Throughout the so-called war on drugs, traditional and underground practitioners were systematically persecuted, and there are concerns that the Indigenous communities that stewarded psychedelics like ibogaine and psilocybin will not be fairly compensated for the knowledge.

The former chair of the Native American Church of North America, Sandor Iron Rope, described the executive order as “biopiracy dressed in clinical language”. He added in a social media post: “The opening for healing is real, but without explicit protections for Indigenous sovereignty, religious freedom, traditional knowledge, and equitable benefit-sharing, this order risks repeating one of the oldest patterns in colonial history – taking the medicine and leaving behind the people who made it sacred.”

Earlier this year, a delegation from Americans for Ibogaine, a non-profit campaign group that was represented in the Oval Office by its chief executive Bryan Hubbard, attended the first International Conference on Iboga and Ibogaine in Gabon, the country where the plant’s therapeutic qualities were discovered and where it is designated a national cultural heritage plant.

“Despite a recent visit by Americans for Ibogaine to Libreville, no free, prior, and informed consent was obtained from the traditional communities,” said a report in Africa Coeur News. “No royalties were discussed, no profit-sharing mechanism was proposed, no terms were negotiated.”

Ibogaine, which carries significant cardiac risks, can be produced synthetically in laboratories and extracted from other plants, while it is also grown in Ghana and Mexico, but Gabon’s sovereign wealth fund wants a share of the market. Hubbard, a lawyer who began advocating for ibogaine after working on an aborted Kentucky state project to fund a trial, said in the Oval Office: “For our brothers and sisters in Gabon, you have our deepest gratitude for your stewardship of the sacred tree grown for the healing of nations.”

Whether this marks the latest chapter in a long history of extraction will depend on what happens next – not just for ibogaine, but for a psychedelic renaissance increasingly defined by who controls the direction of travel, who profits, and who gets left behind.

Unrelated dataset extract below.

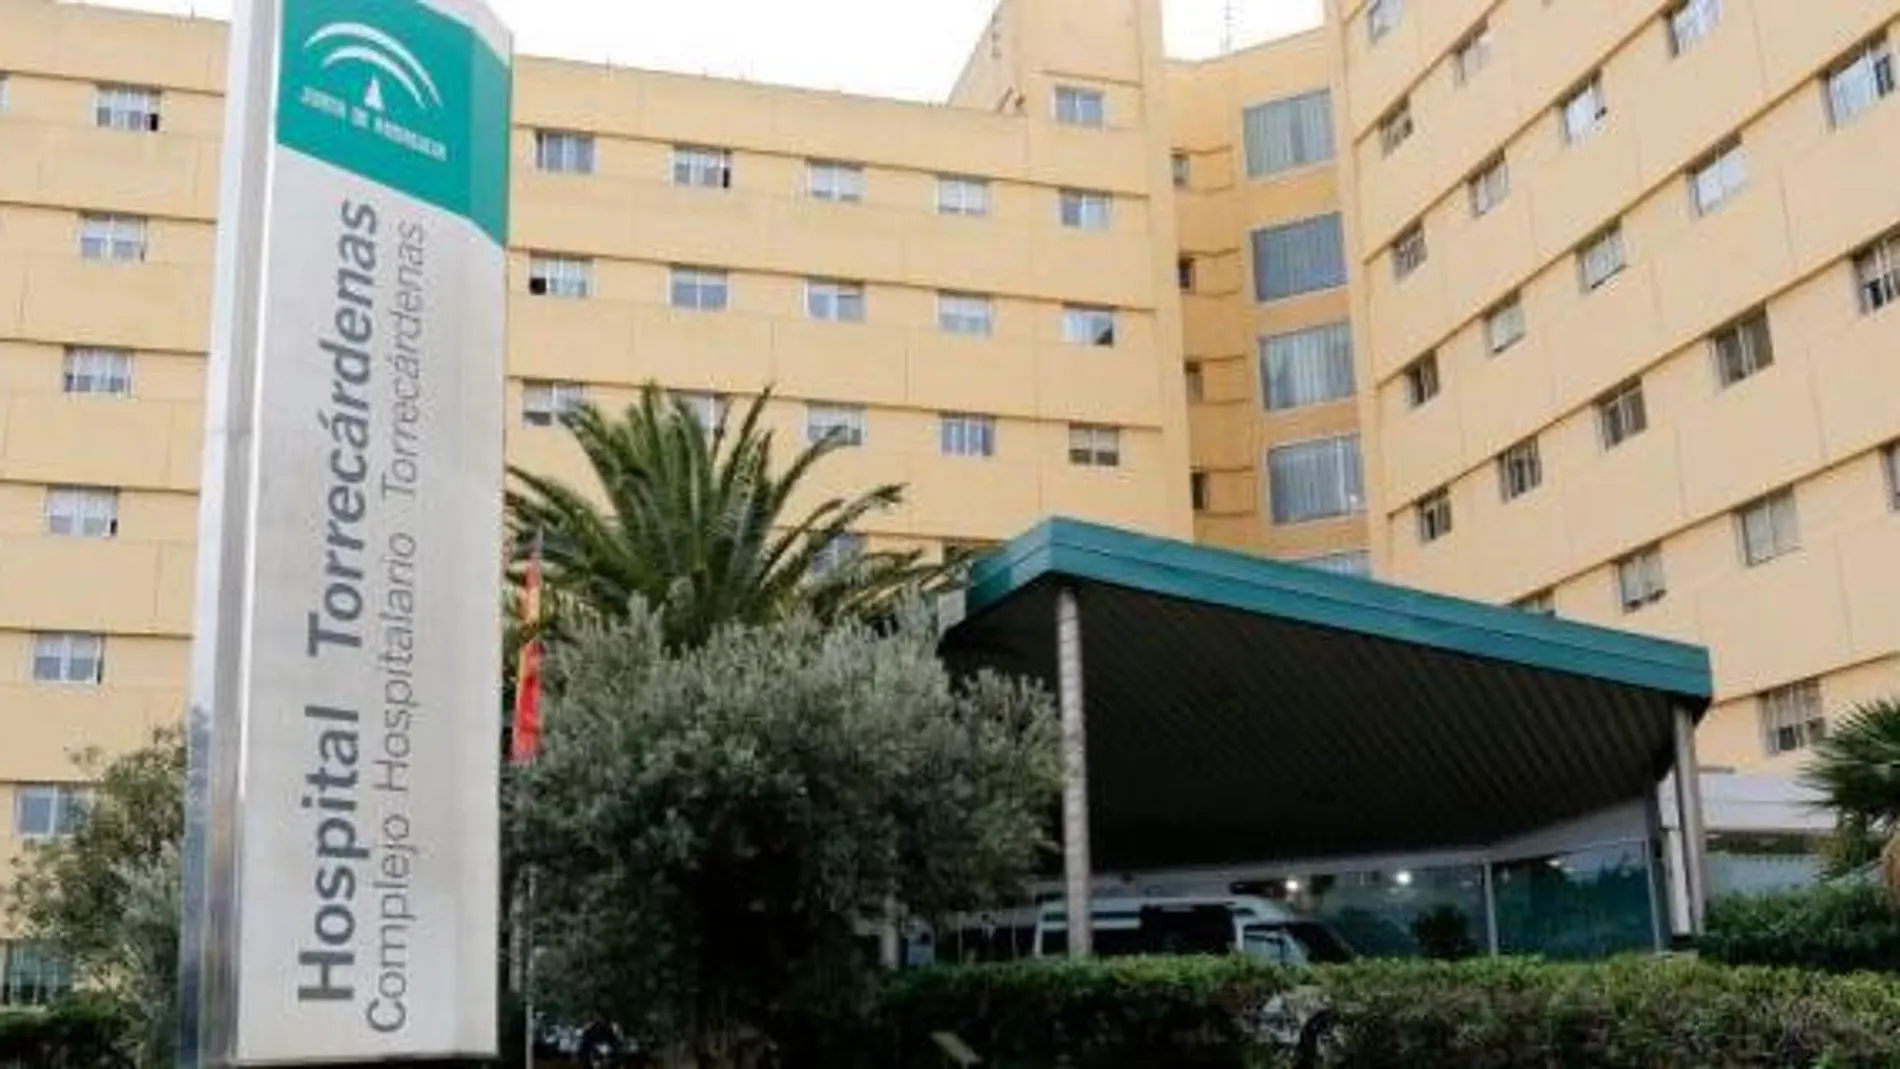 Los heridos han sido trasladados al hospital Torrecárdenas

“Psychedelics can be applied in irresponsible ways that reinforce problematic social dynamics,” says the psychedelic reform advocate Ali. “Even if we’re healing our individual trauma, if we’re not applying what we’re learning to our human relationships and our geopolitical reality, then all we’re going to do is use psychedelics to enhance the ego of one dominant nation and continue perpetuating violence and oppression.”

Only a minute after signing the order, Trump pivoted to Iran.

“They have no navy, they have no air force, they have no leaders, they have no nothing,” he said. “You call that enforced regime change.” And with that, the same president who had potentially just opened the floodgates to an American psychedelic future reverted back to matters of war.